Needs["NDSolve`FEM`"];

Y = 1000;
\[Nu] = 1/3;

Reg1 = Annulus[{0, 0}, {14, 25}];

mesh = ToElementMesh[Reg1, "MaxCellMeasure" -> 1];
(*hld={\[Sigma]x[x,y]\[Equal]Y/(1-\[Nu]^2) (D[u[x,y],x]+\[Nu] \
u[x,y]/x),\[Sigma]y[x,y]\[Equal]Y/(1-\[Nu]^2) (u[x,y]/x+\[Nu] \
D[u[x,y],x])};*)

planeStress = {Inactive[
       Div][{{0, -((Y \[Nu])/(1 - \[Nu]^2))}, {-((Y (1 - \[Nu]))/(2 \
(1 - \[Nu]^2))), 0}}.Inactive[Grad][v[x, y], {x, y}], {x, y}] + 
     Inactive[
       Div][{{-(Y/(1 - \[Nu]^2)), 
         0}, {0, -((Y (1 - \[Nu]))/(2 (1 - \[Nu]^2)))}}.Inactive[
         Grad][u[x, y], {x, y}], {x, y}], 
    Inactive[
       Div][{{0, -((Y (1 - \[Nu]))/(2 (1 - \[Nu]^2)))}, {-((Y \
\[Nu])/(1 - \[Nu]^2)), 0}}.Inactive[Grad][u[x, y], {x, y}], {x, y}] + 
     Inactive[
       Div][{{-((Y (1 - \[Nu]))/(2 (1 - \[Nu]^2))), 
         0}, {0, -(Y/(1 - \[Nu]^2))}}.Inactive[Grad][
        v[x, y], {x, y}], {x, y}]} /. {Y -> 3416, \[Nu] -> 33/100};
{uif, vif} = 
  NDSolveValue[{planeStress == {0, 
      NeumannValue[-30, y >= 24.5]}, {DirichletCondition[u[x, y] == 0,
       y < -24.5], DirichletCondition[v[x, y] == 0, y < -24.5]}}, {u, 
    v}, {x, y} \[Element] mesh];
dmesh = ElementMeshDeformation[mesh, {uif, vif}, "ScalingFactor" -> 1];
dmesh["Wireframe"]

enter image description here

Next we write a little helper function to compute the von Mises stress:

ClearAll[VonMisesStress]
VonMisesStress[{ufun_InterpolatingFunction, 
   vfun_InterpolatingFunction}, fac_] := Block[
  {dd, df, mesh, coords, dv, ux, uy, vx, vy, ex, ey, gxy, sxx, syy, 
   sxy},
  dd = Outer[(D[#1[x, y], #2]) &, {ufun, vfun}, {x, y}];
  df = Table[Function[{x, y}, Evaluate[dd[[i, j]]]], {i, 2}, {j, 2}];
  (* the coordinates from the ElementMesh *)

  mesh = ufun["Coordinates"][[1]];
  coords = mesh["Coordinates"];
  dv = Table[df[[i, j]] @@@ coords, {i, 2}, {j, 2}];

  ux = dv[[1, 1]];
  uy = dv[[1, 2]];
  vx = dv[[2, 1]];
  vy = dv[[2, 2]];

  ex = ux;
  ey = vy;
  gxy = (uy + vx);

  sxx = fac[[1, 1]]*ex + fac[[1, 2]]*ey;
  syy = fac[[2, 1]]*ex + fac[[2, 2]]*ey;
  sxy = fac[[3, 3]]*gxy;
  (*ElementMeshInterpolation[{mesh},#]&/@{sxx,syy,sxy}*)
  ElementMeshInterpolation[{mesh}, Sqrt[( sxy^2 + syy ^2 + sxx^2 )]]
  ]

fac = Y/(1 - \[Nu]^2)*{{1, \[Nu], 0}, {\[Nu], 1, 0}, {0, 0, (1 - \[Nu])/2}};
vonMisesStress = VonMisesStress[{uif, vif}, fac];

The factor fac changes depending on weather you are looking at plane stress or plain strain.
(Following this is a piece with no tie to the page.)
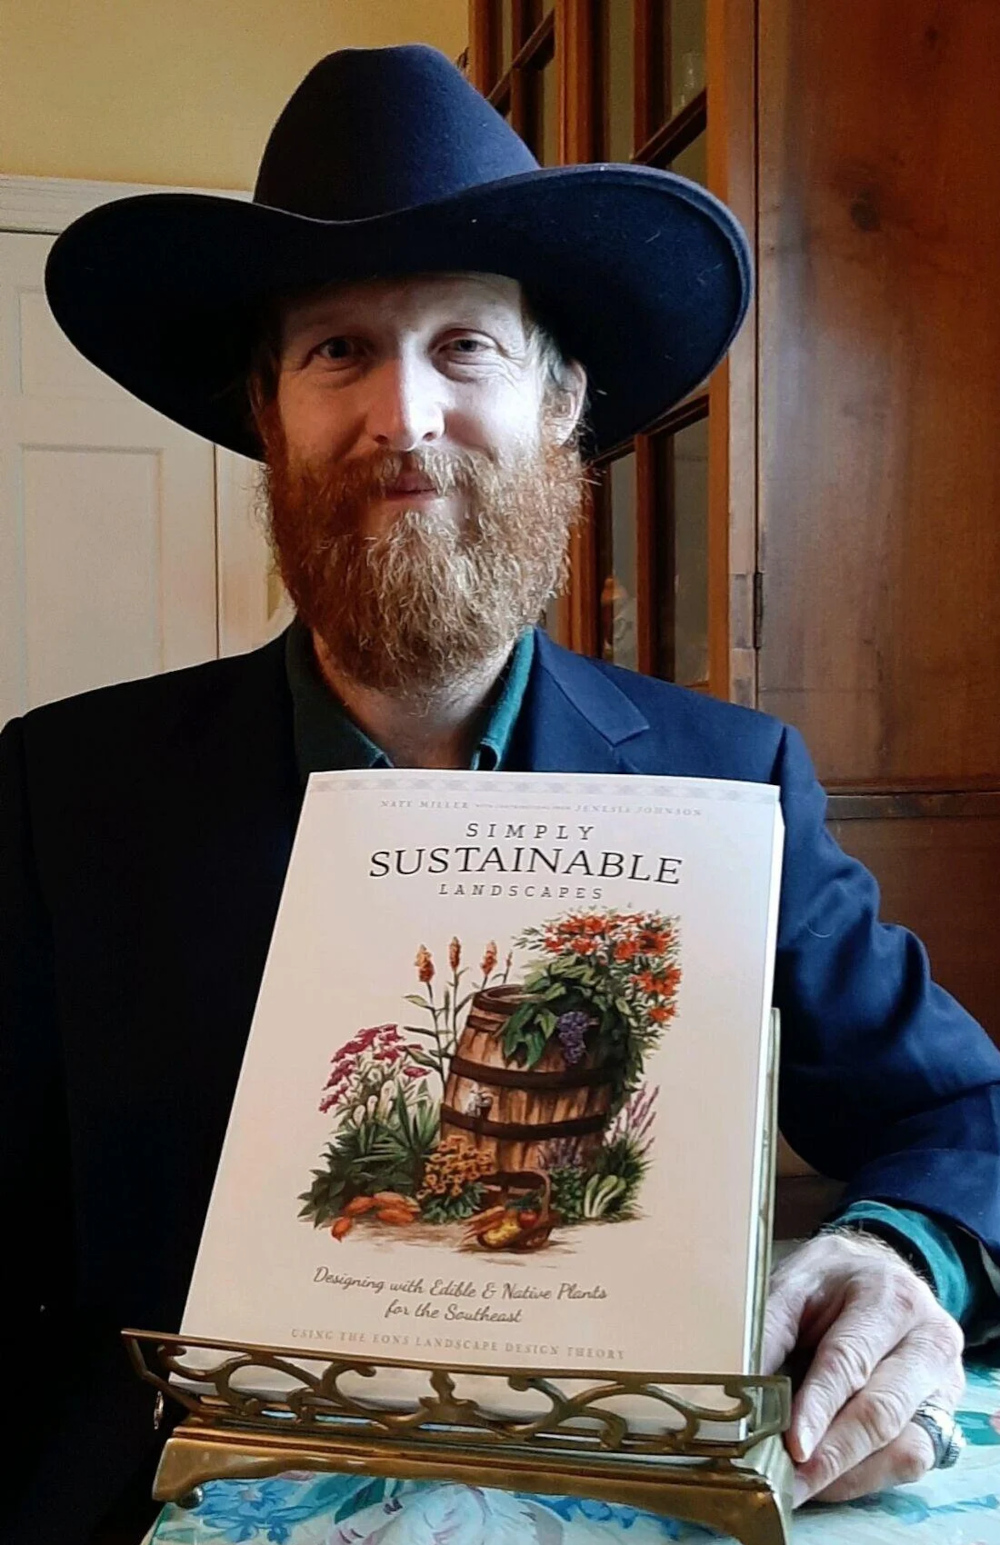 Nate Miller, co-author of Simply Sustainable Landscapes

If I recall correctly this one is for plane stress (but check! See in the comments below. According to Wiki this is to be used Sqrt[sxx^2 - sxx*syy + syy^2 + 3*sxy^2])

Edit

If you want interpolating functions for sxx, syy and sxy un-comment the part in the VonMisesStress function and comment the next line out.

End Edit

We can then visualize the stress in the anulus:

ElementMeshContourPlot[ vonMisesStress["ValuesOnGrid"], 
 ElementMeshDeformation[uif["ElementMesh"], {uif, vif} ], 
 AspectRatio -> Automatic]

enter image description here

If you do go through the trouble verifying this I'd appreciate if you could send me a small note. One other thing that may be interesting is to use the approach you used and compare that to this approach.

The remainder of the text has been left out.